Всякий, кто прочтет этот сборник без предвзятого мнения, будет, без сомнения, зачарован глубиной мысли по самым разным вопросам и может быть, еще более благородством тона, какими отмечена в ней каждая строка, – не говоря уже о великолепном русском языке, который сам по себе дает наслаждение. Можно было бы, пожалуй, пожалеть о том, что в сборнике не отведено больше места публицистическим работам Хомякова, так как его богословские сочинения, занимающие в нем почти половину, все же менее интересны для широкой публики, хотя и они ничуть не устарели. Впрочем, на наш взгляд, с религиозной точки зрения самое ценное и замечательное из вошедшего в сборник, заключено не в статьях, а в одном из писем к И. С. Аксакову (стр. 367), исключительном по силе и глубине. Многие из писем дают интереснейшие комментарии к событиям того времени, и содержащиеся в них оценки иногда блестяще оправданы дальнейшим (хотя бы его проект восстановления независимости Польши, или его соображения о корне революционного духа в воспитании молодежи). Были у Хомякова, конечно, слабости, вызывающие улыбку, вроде его ярого местного патриотизма, заставлявшего его видеть все хорошее в Москве и все плохое в Петербурге, что особенно смешно, принимая во внимание общую широту его взглядов и любовь к такой широте у других.
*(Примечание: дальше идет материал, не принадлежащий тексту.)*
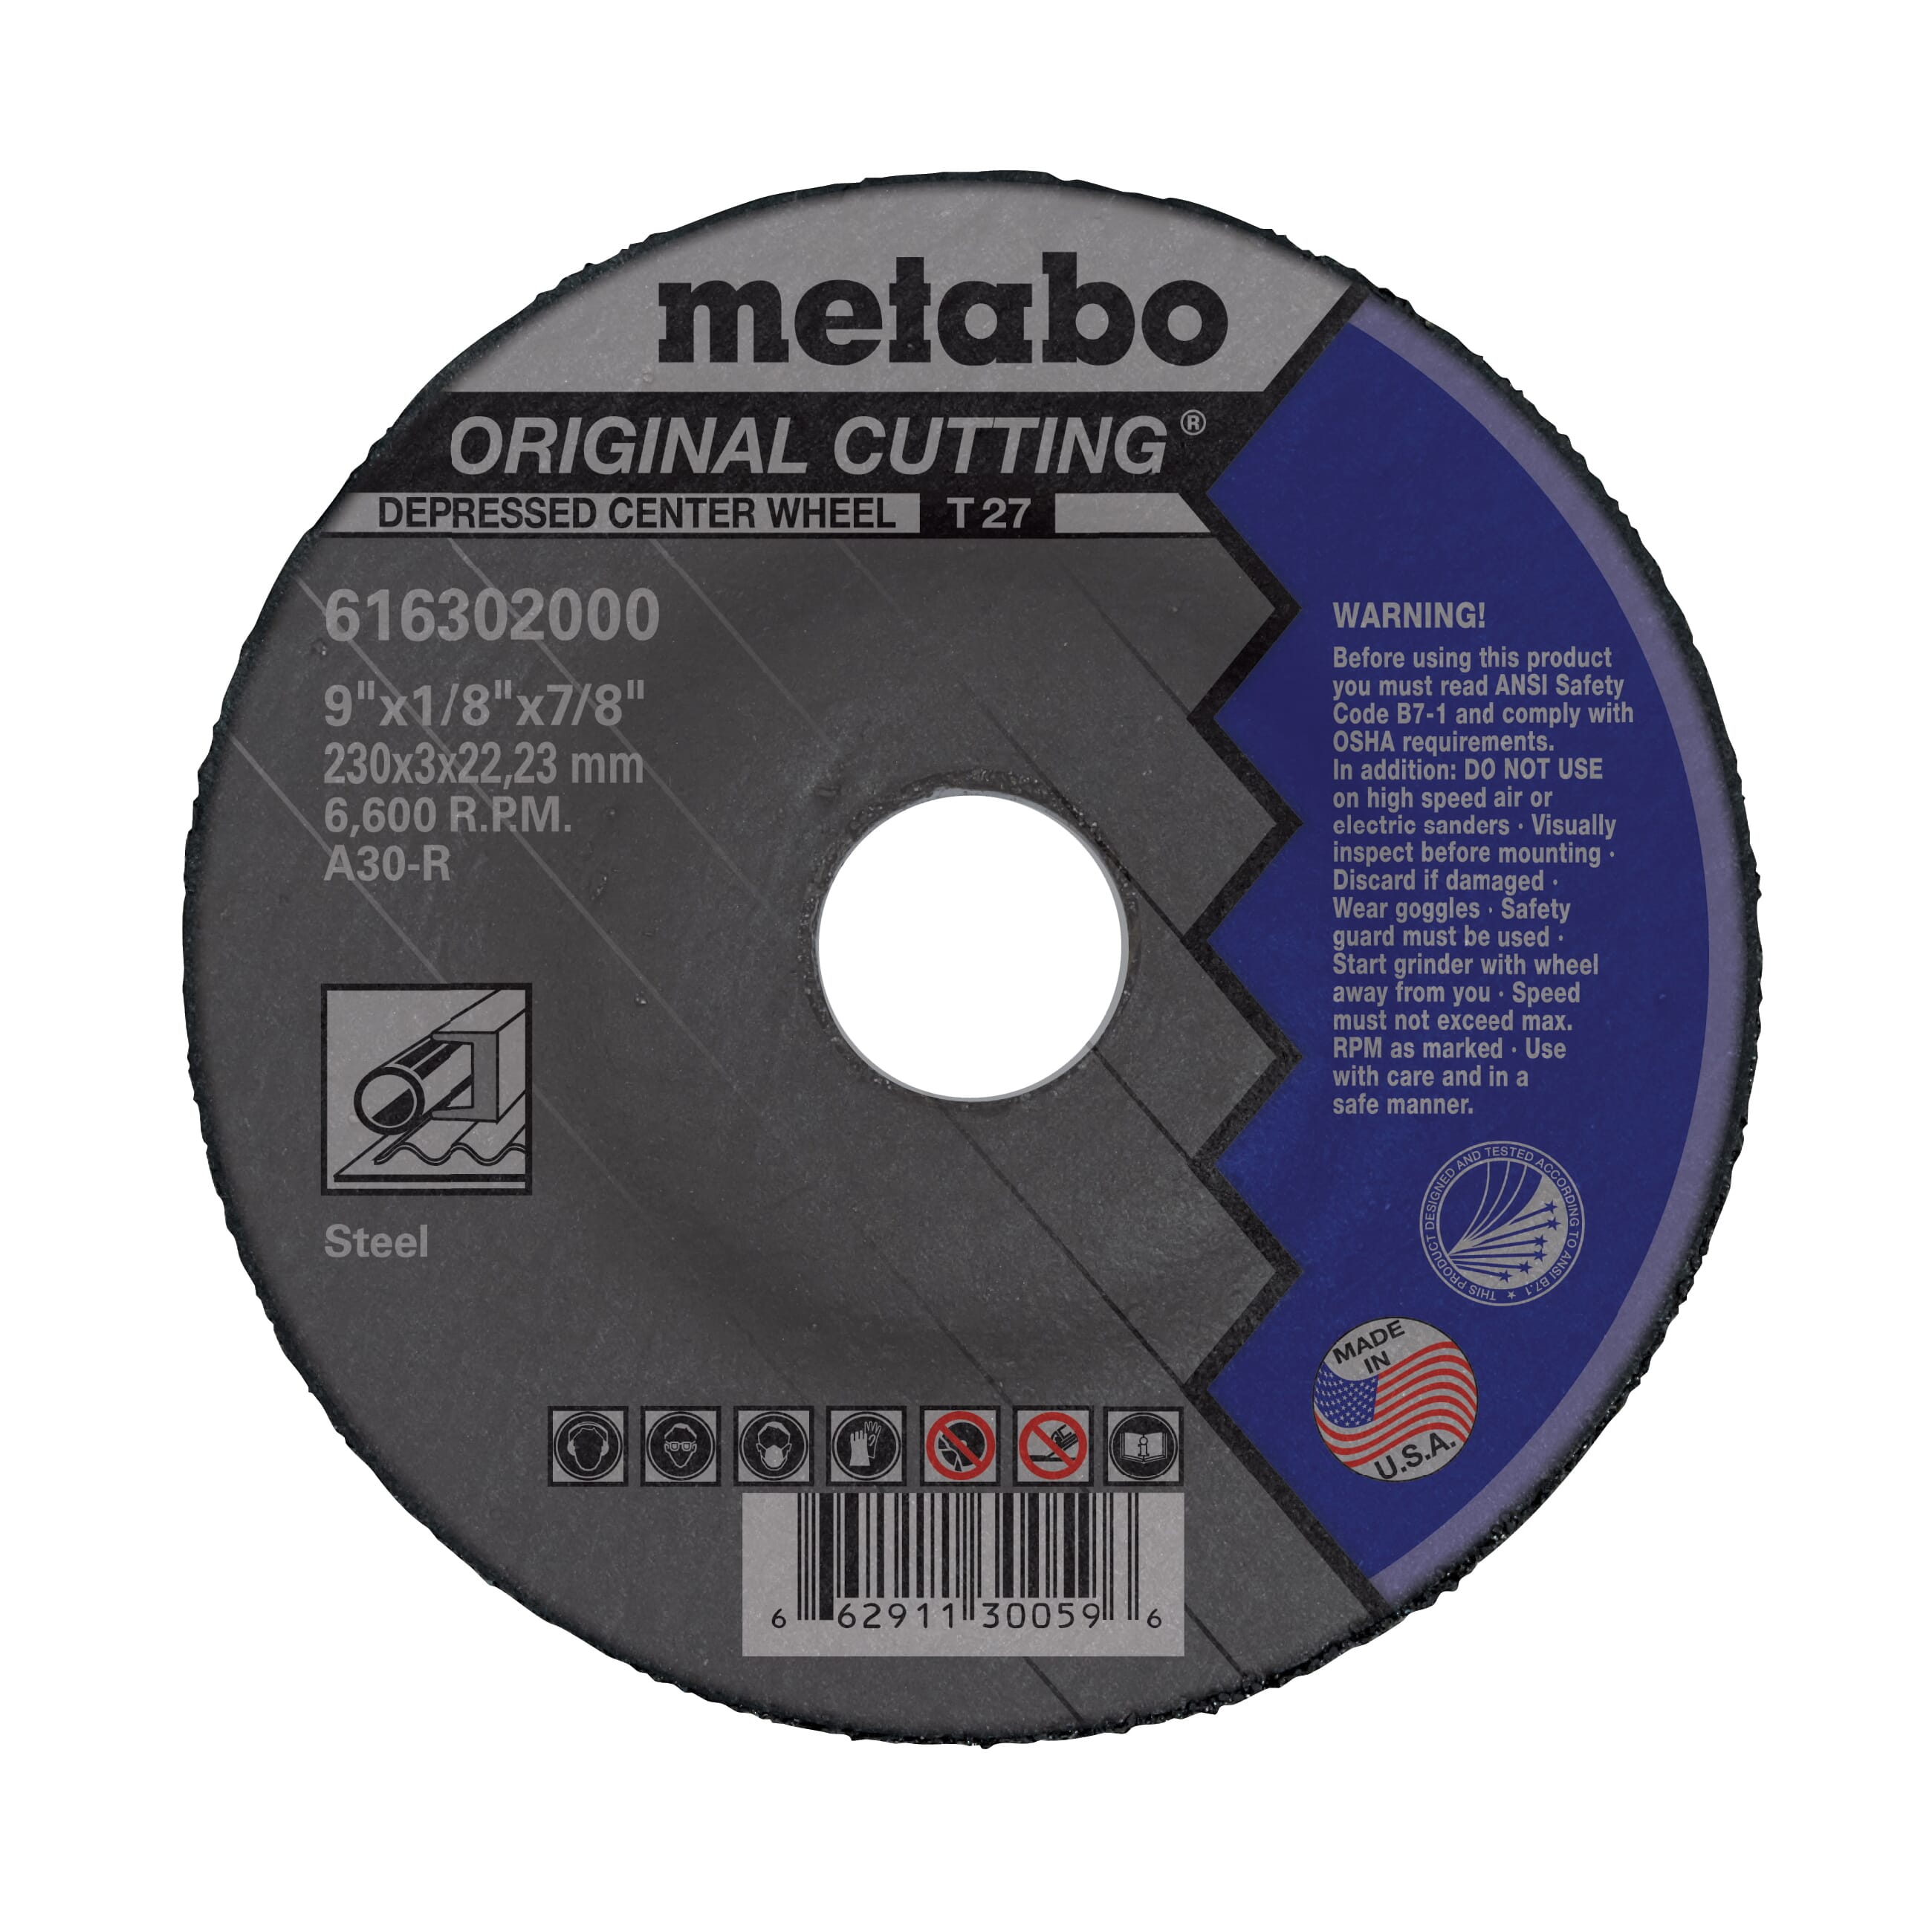 metabo® 616302000 Original Cutting® General Purpose Depressed Center Wheel, 9 in Dia x 1/8 in THK, 7/8 in Center Hole, A30R Grit, Aluminum Oxide Abrasive

Не знаем, не следовало ли отвести больше страниц для стихов Хомякова, представленных на этот раз далеко не полно. Среди тех, что вошли в сборник, есть такие, которые по лирической силе не уступят вещам наших лучших поэтов; любопытно, что это в основном те, которые навеяны религиозным чувством, как, например, «Мы – род избранный», «Вечерняя песня», «По прочтении псалма», «Труженик». В других, наоборот, их слишком политический, слишком тенденциозный характер разрушает художественное впечатление; но и среди них есть замечательные, как «Киев», в котором со страстной мощью всплеснулся русский патриотизм автора.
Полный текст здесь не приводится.